Nel frattempo l’America era entrata in guerra. Per partecipare allo sforzo bellico, Welles accettò di girare un documentario in tre parti sul Brasile, It’s All True. Lo scopo era di rafforzare le relazioni inter-americane. Il 1° febbraio 1942 terminò le riprese di Terrore sul Mar Nero. Il 2 e il 3 si trovava a Miami per dare precise indicazioni a Robert Wise, montatore de L’orgoglio degli Amberson. Finita una prima versione, Wise avrebbe raggiunto Welles in Brasile, dove il lavoro doveva essere portato a termine. Il 4 febbraio Welles partì per Rio De Janeiro. Commettendo il più grave errore della sua carriera. In Brasile, l’organizzazione delle riprese era nel caos totale, l’équipe tecnica non era al completo, mancavano le luci, un attore protagonista morì in mare, le comunicazioni con gli Stati Uniti erano difficilissime. Wise non riuscì mai a recarsi in Brasile, dove Welles rimarrà intrappolato per più di cinque mesi a causa delle leggi speciali riguardanti i trasporti in tempo di guerra.

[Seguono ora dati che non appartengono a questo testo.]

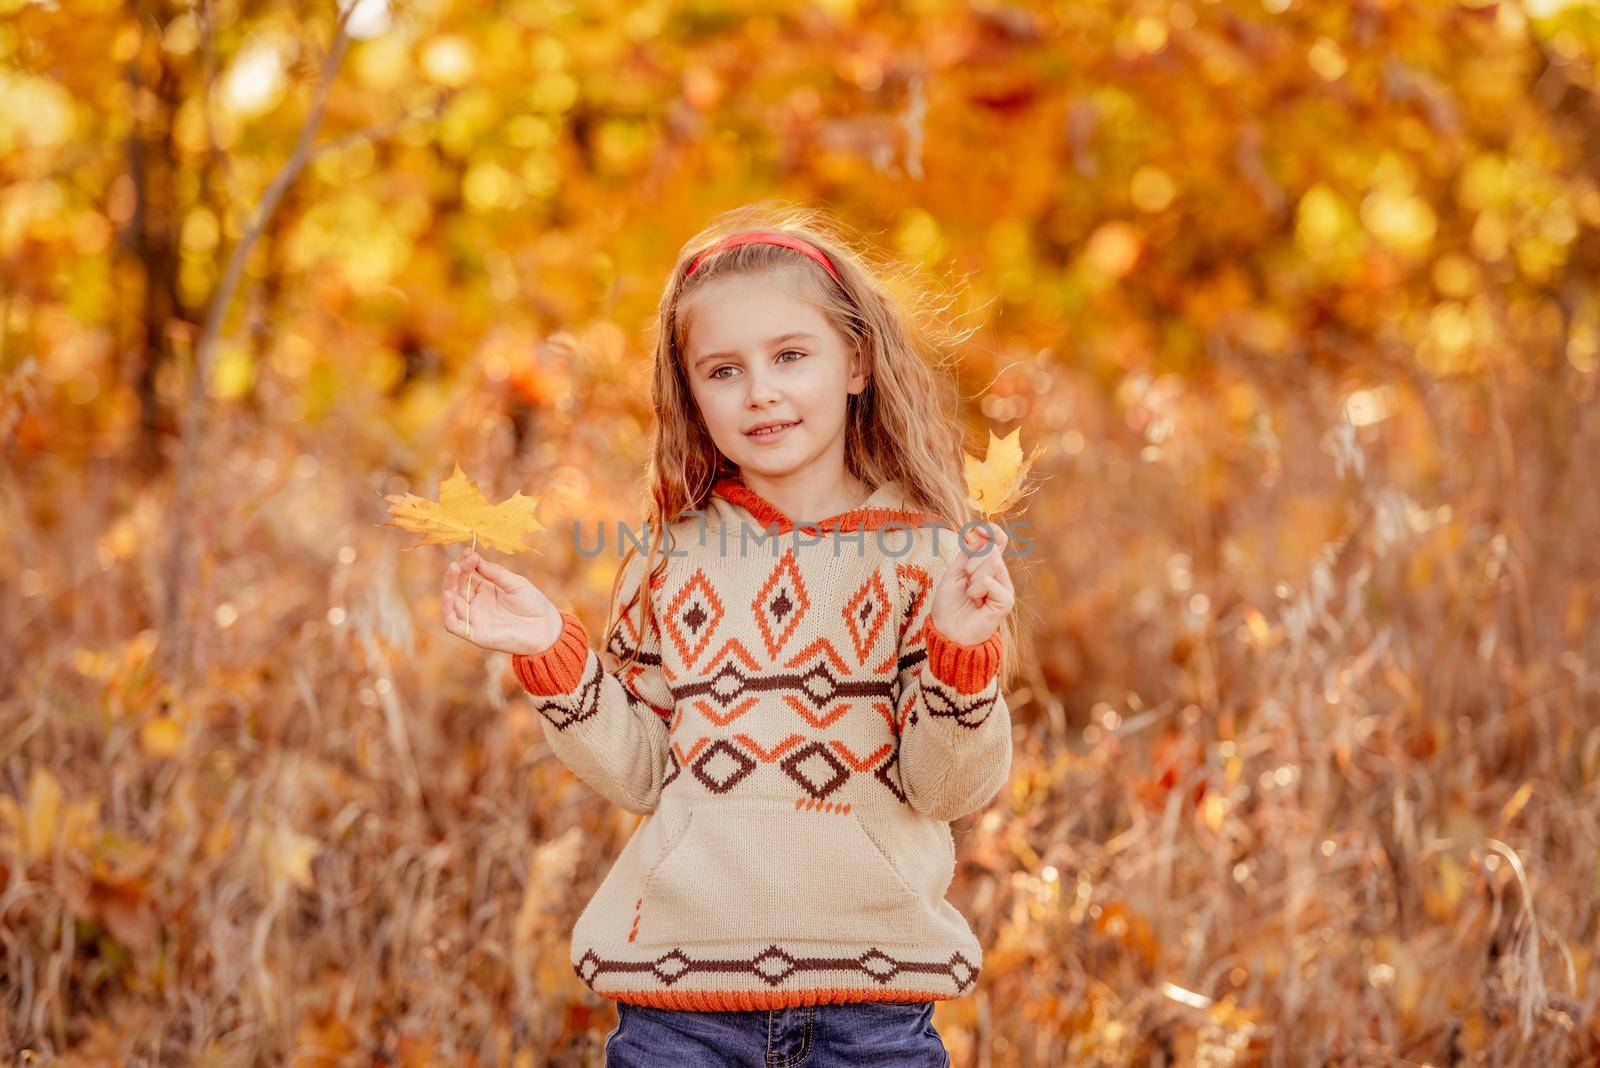 Cute girl holding yellow leaves by tan4ikk1

Intanto alla RKO era avvenuto un cambio di direzione: al posto di George J. Shaefer, protettore di Welles, era subentrato Charles J. Koerner, per il quale il regista di Quarto potere non era che un presuntuoso provocatore, buono solo a far perdere soldi. Wise terminò da solo il primo montaggio, di 132 mn, seguendo in buona parte le indicazioni fornitegli dal regista. E il film venne presentato il 17 marzo al pubblico di Pomona per una proiezione-test.
Quarto potere era genialmente irruento e “barocco”; L’orgoglio degli Amberson potrebbe essere considerato il suo opposto, una tragedia camuffata da melodramma in tre atti, solo in apparenza semplice e lineare. L’ultima parte del film doveva essere la migliore, di una cupezza insostenibile: lo spettatore assisteva alla fine di ciascun personaggio, votato alla solitudine, alla malattia, alla morte. Insostenibile, appunto: così verrà giudicato il film dalla maggior parte degli spettatori invitati a dare la loro opinione. Vennero eseguiti alcuni tagli (17 minuti in tutto), e il 19 marzo il pubblico di Pasadena reagì positivamente. Ma ormai per Koerner tutta la vicenda aveva assunto i tratti di una questione personale. La RKO decise allora di rimontare il film, massacrandolo. Nuove sequenze vennero girate da Wise e da registi infimi, e soprattutto l'intera ultima parte venne troncata e sostituita con un lieto fine assolutamente incongruo: il film fu ridotto a 88 mn. L’orgoglio degli Amberson resta un capolavoro, ma cosparso di ferite aperte e di vistose cicatrici. Uscirà in due sale a Los Angeles, in doppio programma con Mexican Spitfire Sees A Ghost, una commedia dozzinale con l’attrice messicana Lupe Velez: inutile dire che non ebbe alcun successo. L’integrità del film è irrimediabilmente perduta: il 10 dicembre, la RKO mandò al macero il negativo scartato. Terrore sul Mar Nero fu un fiasco. It’s All True non uscì mai. Parte del materiale girato in Brasile sarà ritrovata da Bill Krohn nel 1985 e montata assieme a Myron Meisel e Richard Wilson [It’s All True (È tutto vero), 1993]. Hollywood non è un quartiere di Rio de Janeiro, e il cinema non è un carnevale brasiliano: la RKO reputò che lo scherzo era durato abbastanza, e il 1° luglio 1942 fece cacciare il Mercury Theatre dai propri studios.